The improvement in interventricular synchrony by EKG findings (QRSd) and clinical outcomes we had observed may not be limited to HFrEF patients but to patients with heart failure with preserved ejection fraction (HFpEF) and heart failure with midrange ejection fraction (HFmrEF), as one recent study suggests27. Echocardiographic parameters of interventricular synchrony assessment including interventricular mechanical delay (defined as difference between the pre-ejection intervals from QRS onset to the beginning of ventricular ejection at pulmonary and aortic valve level), the regional time intervals of left ventricular 12 segments between the onset of the QRS complex and the peak of systolic myocardial velocity during the ejection phase (Ts), standard deviation of Ts (Ts-SD) and peak strain dispersion had greater improvement with LBBP compared to BVP but they were only studied in two of included studies34, 35.
Despite LBBP having greater hemodynamic improvement as well as lower HFH in our analysis, we did not observe a clear benefit in all-cause mortality compared to BVP CRT, which can be attributed to the short follow-up period by most studies included.

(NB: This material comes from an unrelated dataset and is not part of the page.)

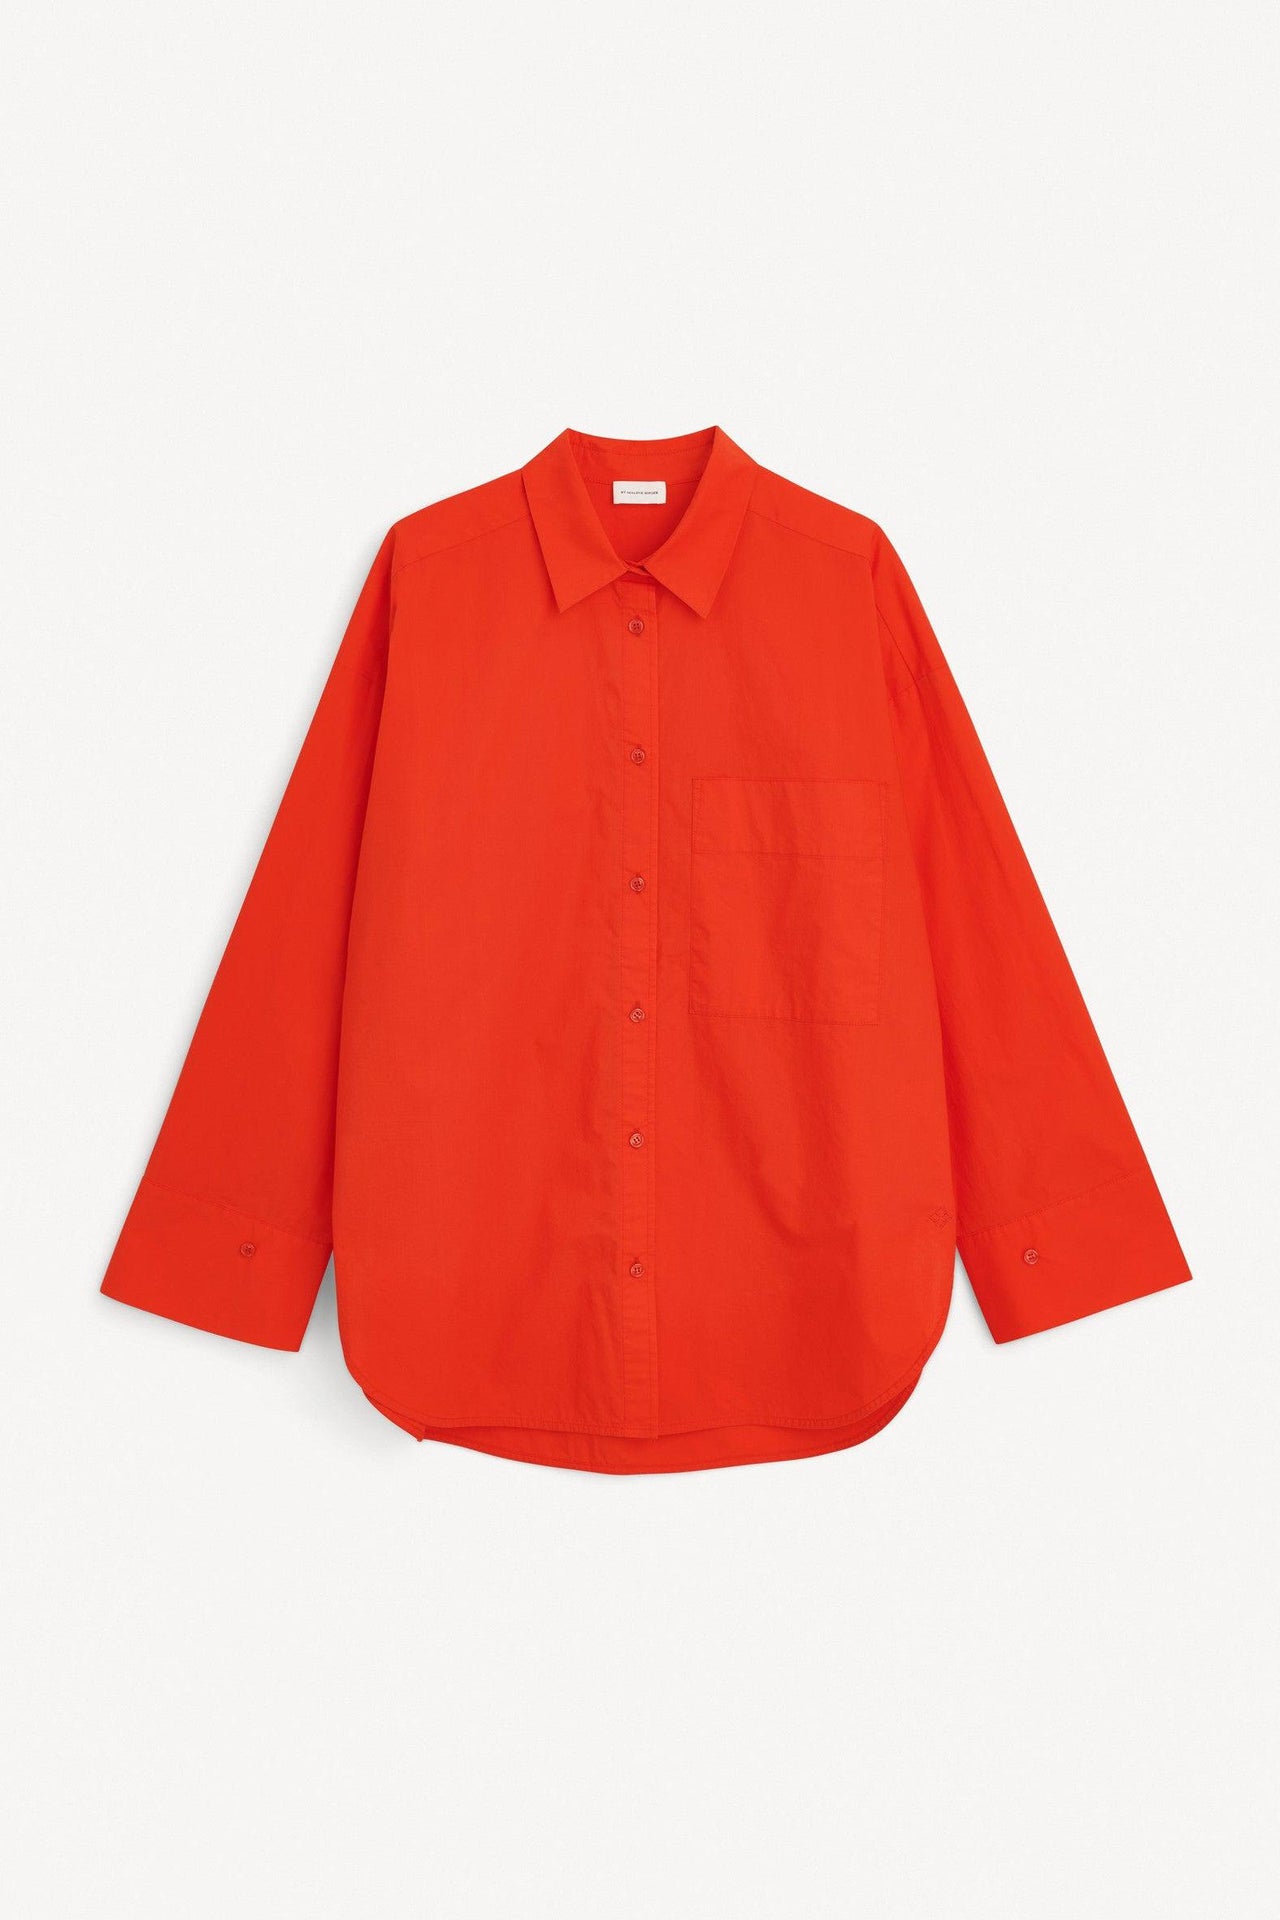 DERRIS SHIRT in 83H-Shirt-By Malene Birger-Debs Boutique
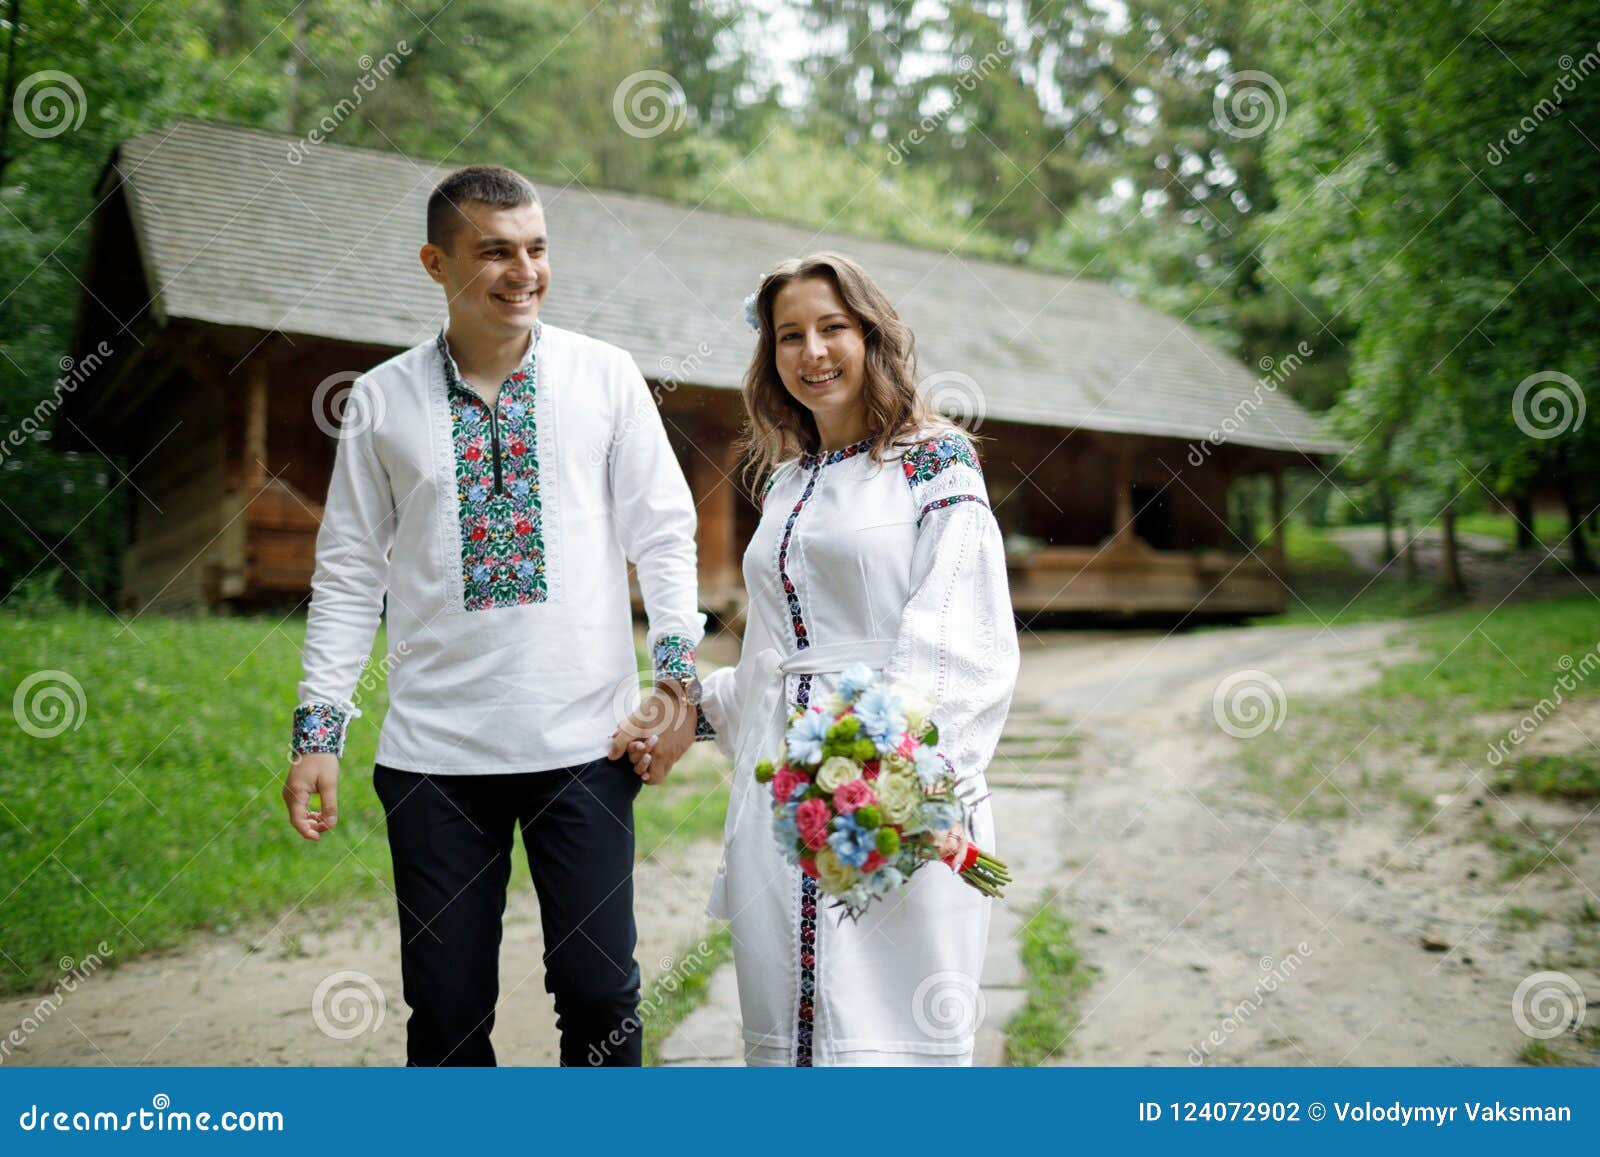 https://thumbs.dreamstime.com/z/beautiful-bride-groom-ukrainian-style-standing-w-lovely-couple-ukrainian-national-costumes-outdoors-ethnic-124072902.jpg

This was evidenced by the lower-than-expected mortality rate. The short follow-up can also potentially preclude the delayed effect in mortality benefit by improved interventricular synchrony and hemodynamics.
In patients with failed BVP due to CS lead failure or nonresponsive to BVP, it has been demonstrated that LBBP can be a safe and viable alternative 36. In the 2021 ESC Guidelines on Cardiac Pacing and CRT, there was no official recommendation for LBBP pending more evidence for long-term safety and efficacy from randomized trials37.
With shorter procedural and fluoroscopy time and possible improved clinical outcomes, LBBP is a promising and emerging alternative to BVP. Further studies, especially randomized controlled trials are required to demonstrate the long-term safety and efficacy of LBBP, and further, elucidate the clinical benefit of LBBP CRT. ChiCTR200028726 is an ongoing single-center randomized controlled noninferiority trial aiming to recruit 180 patients with HFrEF and indication of CRT38. Patients will be randomized at a 1:1 ratio to LBBP or BVP CRT. The recruitment period concluded in December 2022. The completion of this trial and other ongoing trials can potentially better demonstrate the role of LBBP CRT.